We found consistent and strong spatial structuring of ECM populations in both study sites. Within each site, the highest spatial autocorrelation occurred at small scales (<5 m). This result lends support to dispersal limitation in our sites [79], and is in general agreement with the degree of spatial patterning found in temperate forests [21,30,66,80]. As a result, these ECM communities likely comprise individuals that are closely related or have similar environmental requirements. Against this backdrop, we found that ECM fungal taxa co-occurred less often than expected by chance (segregation) at ~80 and 400 m in HBG; a similar result was noted by Yamamoto et al. [81].

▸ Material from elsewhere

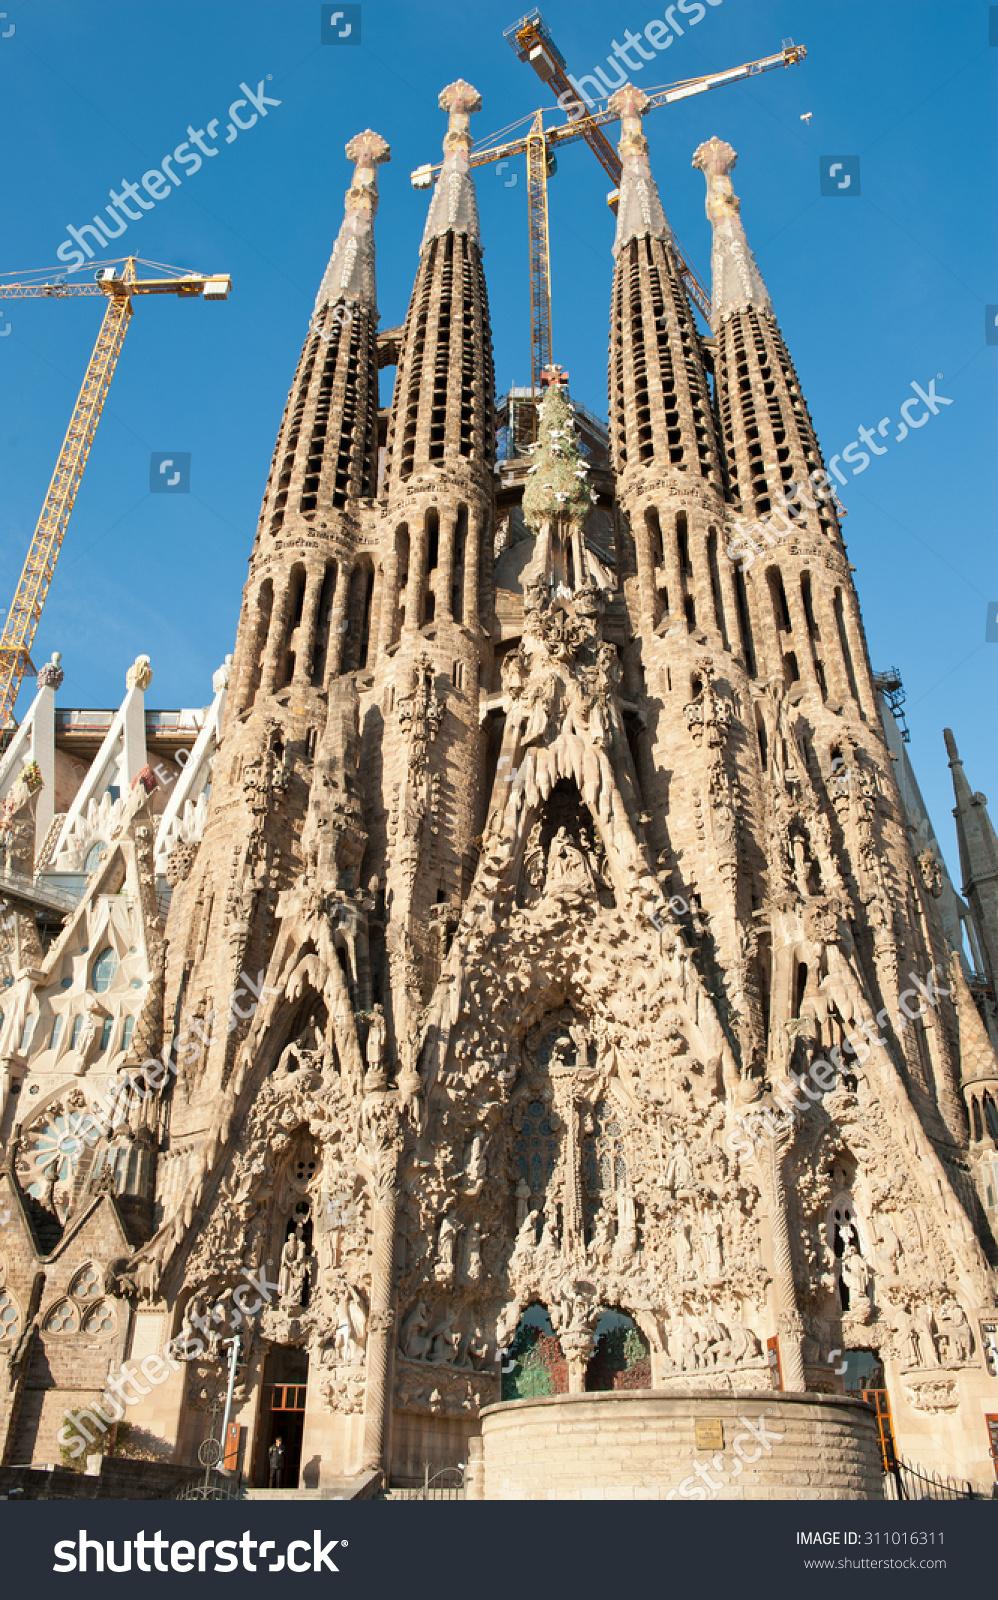 Barcelona Spain April 28 2015 Sagrada Stock Photo Edit Now 311016311

One possibility is that microhabitat differentiation inside HBG may have created a mosaic of environments that provided conditions for ECM fungi with varying environmental requirements [82]. Alternatively, there may be competition between ECM species [83] or between ECM and endophytic fungi for resources, such as host C [80]. These patterns may also be attributed to differences in ECM phenology or hyphal exploration networks. For example, ECM fungi with medium or long-distance exploratory hyphae (e.g., Tomentella, Tylospora) might compete over larger distances so that there is open space for colonization by second and subsequent ECM species with contact- or short-range hyphae (Russula). Distinguishing between these possibilities is beyond the scope of this study but merits further investigation.

5. Conclusions

Our data sets provide important insights for separating the impact of host phylogenetic relatedness from abiotic and spatial factors on ECM community composition. Our results revealed that phylogenetic relatedness between pine trees resulted in a similar ECM community composition in both sites, and slash and masson pine were not limited by the availability of compatible ECM fungal inoculum. Instead, both dispersal and soil factors were stronger drivers of differences in ECM community composition between sites, meaning that ECM fungal communities in exotic pines are variable and context-dependent. In managed forests, improved productivity is reliant on belowground resource availability, uptake, and use efficiency, all of which are driven by ECM. Given the importance of soil and spatial factors in our study, there is now a need to better understand and align soil conditions with ECM fungi across a range of spatial scales, and identify how differences in ECM community functioning might feed back to influence host tree growth and productivity.